News of possible delay to congestion pricing emerges from spirited New York governor Democratic primary debate

NEW YORK — The leading Democratic candidates for governor took the debate stage together Tuesday night for the first time right here on CBS2.

gov. Kathy Hochul, Congressman Tom Suozzi and Public Advocate Jumaane Williams went head to head on everything from gun violence to marijuana and the supernatural, CBS2’s Marcia Kramer reported.

It was the debate the two gubernatorial wannabees were waiting for — the opportunity to finally confront Gov. Hochul face to face and try to convince New Yorkers that they would do a better job running the state.

But she upstaged them with a news nugget that is sure to please many who live in the Tri-State Area.

It came in response to a simple question from CBS2’s Maurice Dubois.

“Ms.

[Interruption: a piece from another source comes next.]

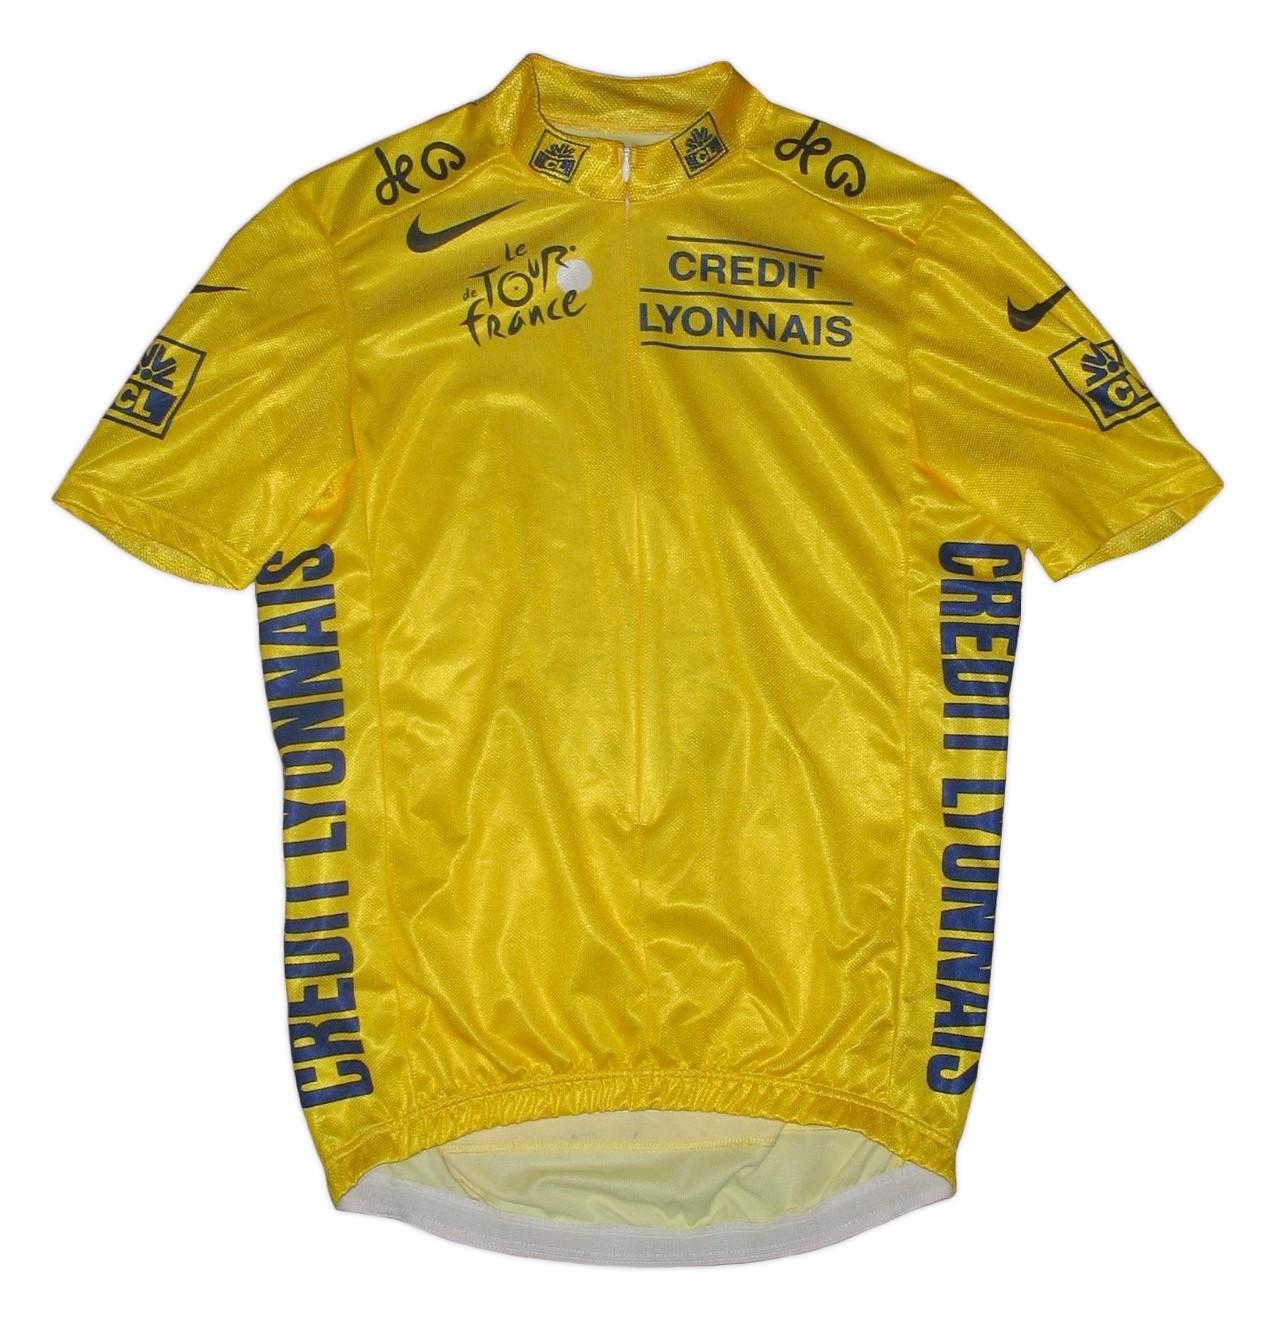 Porteurs français du maillot jaune

Hochul, congestion pricing, should it happen now or later?” Dubois asked.

“I support congestion pricing, but we’ve been in negotiations with the federal government that has the say on the next step and they have now put some other, I’ll call them other hurdles in the way that we have to overcome,” Hochul said.

But governor Hochul’s answer was probably music to the ears of business leaders who fear that congestion pricing will make it more difficult to convince their employees to give up telecommuting and come back to Midtown offices.

“Could you tell us how long congestion pricing is going to be delayed in New York?” Kramer asked.

“I don’t have the answer. I don’t think it’s going to be before the end of this year,” Hochul said.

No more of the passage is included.